What the exercise asks: Would you write out, word for word, each line of the records below from the top through the one holding "Louis Vuitton Shop"?
(Beginning of Provided material)
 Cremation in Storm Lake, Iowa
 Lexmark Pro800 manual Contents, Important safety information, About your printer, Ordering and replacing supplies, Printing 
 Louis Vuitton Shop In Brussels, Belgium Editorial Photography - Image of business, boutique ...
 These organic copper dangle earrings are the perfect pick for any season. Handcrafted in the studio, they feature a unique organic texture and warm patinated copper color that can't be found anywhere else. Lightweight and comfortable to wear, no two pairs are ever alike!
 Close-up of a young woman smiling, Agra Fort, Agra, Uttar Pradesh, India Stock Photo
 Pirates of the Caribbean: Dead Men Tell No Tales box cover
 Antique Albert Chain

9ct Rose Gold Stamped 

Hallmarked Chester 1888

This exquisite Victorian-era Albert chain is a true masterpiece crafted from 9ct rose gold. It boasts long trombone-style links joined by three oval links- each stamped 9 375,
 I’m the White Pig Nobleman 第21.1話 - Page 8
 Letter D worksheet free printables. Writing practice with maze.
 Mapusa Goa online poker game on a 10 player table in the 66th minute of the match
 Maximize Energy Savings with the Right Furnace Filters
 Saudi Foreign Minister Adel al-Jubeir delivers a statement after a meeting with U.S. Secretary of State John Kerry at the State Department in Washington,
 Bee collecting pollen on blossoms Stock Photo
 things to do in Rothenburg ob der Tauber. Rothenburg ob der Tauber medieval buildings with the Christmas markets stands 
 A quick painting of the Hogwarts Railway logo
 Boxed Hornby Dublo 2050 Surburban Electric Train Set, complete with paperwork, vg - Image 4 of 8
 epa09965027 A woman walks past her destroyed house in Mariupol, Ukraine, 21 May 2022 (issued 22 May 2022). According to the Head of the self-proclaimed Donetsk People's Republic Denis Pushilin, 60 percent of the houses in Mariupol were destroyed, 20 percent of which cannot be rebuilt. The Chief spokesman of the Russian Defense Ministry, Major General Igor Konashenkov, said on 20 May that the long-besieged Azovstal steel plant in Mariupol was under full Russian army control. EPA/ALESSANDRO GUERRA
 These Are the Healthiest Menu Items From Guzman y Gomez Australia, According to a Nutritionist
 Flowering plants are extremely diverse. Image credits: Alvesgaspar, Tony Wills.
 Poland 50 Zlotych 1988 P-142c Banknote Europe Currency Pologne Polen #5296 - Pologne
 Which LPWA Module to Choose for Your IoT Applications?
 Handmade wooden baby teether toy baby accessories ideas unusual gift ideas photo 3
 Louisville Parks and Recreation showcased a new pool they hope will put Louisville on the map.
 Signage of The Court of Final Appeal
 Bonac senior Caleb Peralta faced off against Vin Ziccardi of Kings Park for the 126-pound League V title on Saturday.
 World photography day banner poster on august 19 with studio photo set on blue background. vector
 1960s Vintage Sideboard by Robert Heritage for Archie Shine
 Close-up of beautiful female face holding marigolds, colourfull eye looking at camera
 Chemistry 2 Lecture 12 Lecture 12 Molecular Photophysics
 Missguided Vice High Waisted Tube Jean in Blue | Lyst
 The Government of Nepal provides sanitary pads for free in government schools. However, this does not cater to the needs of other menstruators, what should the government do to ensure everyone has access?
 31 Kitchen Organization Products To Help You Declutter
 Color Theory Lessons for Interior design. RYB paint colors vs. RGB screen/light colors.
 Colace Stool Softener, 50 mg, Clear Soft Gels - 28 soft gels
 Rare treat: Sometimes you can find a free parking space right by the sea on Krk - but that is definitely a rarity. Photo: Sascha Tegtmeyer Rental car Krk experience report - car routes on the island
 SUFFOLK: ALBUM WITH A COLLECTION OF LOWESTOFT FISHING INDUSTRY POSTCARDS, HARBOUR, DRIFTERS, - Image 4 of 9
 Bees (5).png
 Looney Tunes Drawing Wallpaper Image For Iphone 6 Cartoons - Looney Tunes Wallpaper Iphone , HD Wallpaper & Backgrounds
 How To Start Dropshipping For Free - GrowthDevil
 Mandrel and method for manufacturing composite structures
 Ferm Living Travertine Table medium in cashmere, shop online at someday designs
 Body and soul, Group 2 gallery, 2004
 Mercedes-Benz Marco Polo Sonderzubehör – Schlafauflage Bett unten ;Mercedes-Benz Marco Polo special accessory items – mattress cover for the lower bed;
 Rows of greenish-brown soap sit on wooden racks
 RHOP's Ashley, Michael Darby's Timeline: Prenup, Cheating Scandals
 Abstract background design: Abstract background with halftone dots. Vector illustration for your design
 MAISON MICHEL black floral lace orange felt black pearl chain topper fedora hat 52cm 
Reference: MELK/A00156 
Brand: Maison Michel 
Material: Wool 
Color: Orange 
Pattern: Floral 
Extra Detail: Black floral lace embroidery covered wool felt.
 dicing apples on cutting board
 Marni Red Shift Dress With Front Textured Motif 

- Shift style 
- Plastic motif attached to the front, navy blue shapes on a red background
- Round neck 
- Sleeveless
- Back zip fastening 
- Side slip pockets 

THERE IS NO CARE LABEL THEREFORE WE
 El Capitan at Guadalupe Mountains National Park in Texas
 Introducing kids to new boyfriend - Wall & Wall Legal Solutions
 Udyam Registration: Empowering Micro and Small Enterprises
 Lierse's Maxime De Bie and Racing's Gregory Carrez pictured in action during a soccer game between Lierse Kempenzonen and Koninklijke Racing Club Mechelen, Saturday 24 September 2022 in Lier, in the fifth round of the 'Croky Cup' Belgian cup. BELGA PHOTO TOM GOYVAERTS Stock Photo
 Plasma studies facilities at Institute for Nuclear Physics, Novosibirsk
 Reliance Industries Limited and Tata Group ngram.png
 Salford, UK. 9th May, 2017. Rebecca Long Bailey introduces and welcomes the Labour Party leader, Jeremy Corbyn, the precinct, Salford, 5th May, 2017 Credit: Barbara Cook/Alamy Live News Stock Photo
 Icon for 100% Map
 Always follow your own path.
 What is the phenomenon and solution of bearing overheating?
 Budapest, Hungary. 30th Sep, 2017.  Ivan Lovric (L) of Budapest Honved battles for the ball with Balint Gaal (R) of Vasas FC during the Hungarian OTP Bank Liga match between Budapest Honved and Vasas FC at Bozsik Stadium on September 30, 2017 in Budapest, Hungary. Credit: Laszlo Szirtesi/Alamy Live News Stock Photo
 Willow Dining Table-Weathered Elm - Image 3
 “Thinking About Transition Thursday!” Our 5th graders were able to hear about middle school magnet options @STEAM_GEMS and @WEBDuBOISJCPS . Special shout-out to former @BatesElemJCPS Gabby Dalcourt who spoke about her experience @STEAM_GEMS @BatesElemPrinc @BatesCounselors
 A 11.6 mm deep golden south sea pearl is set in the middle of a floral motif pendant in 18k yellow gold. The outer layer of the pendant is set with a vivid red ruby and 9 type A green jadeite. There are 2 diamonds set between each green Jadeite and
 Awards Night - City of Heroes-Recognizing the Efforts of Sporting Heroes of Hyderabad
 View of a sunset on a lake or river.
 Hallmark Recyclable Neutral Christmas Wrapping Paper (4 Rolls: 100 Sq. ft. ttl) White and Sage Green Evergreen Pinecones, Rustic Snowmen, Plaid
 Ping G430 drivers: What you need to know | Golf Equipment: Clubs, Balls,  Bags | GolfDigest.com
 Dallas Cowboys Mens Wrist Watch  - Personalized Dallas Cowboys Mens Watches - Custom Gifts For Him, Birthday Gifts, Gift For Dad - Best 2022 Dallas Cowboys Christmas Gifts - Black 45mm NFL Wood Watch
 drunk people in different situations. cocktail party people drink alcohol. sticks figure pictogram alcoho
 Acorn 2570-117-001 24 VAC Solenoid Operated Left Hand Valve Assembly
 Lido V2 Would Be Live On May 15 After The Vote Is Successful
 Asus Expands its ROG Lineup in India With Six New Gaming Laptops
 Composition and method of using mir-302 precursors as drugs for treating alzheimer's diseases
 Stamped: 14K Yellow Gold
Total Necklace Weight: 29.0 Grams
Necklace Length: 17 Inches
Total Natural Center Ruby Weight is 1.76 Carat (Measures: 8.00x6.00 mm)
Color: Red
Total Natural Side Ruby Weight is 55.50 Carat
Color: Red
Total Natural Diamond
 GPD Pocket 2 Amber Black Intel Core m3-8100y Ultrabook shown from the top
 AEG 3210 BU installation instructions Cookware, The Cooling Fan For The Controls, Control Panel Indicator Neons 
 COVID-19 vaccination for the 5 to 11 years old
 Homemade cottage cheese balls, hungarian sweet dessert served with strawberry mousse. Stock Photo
(End of Provided material)
Written reply:
 Cremation in Storm Lake, Iowa
 Lexmark Pro800 manual Contents, Important safety information, About your printer, Ordering and replacing supplies, Printing 
 Louis Vuitton Shop In Brussels, Belgium Editorial Photography - Image of business, boutique ...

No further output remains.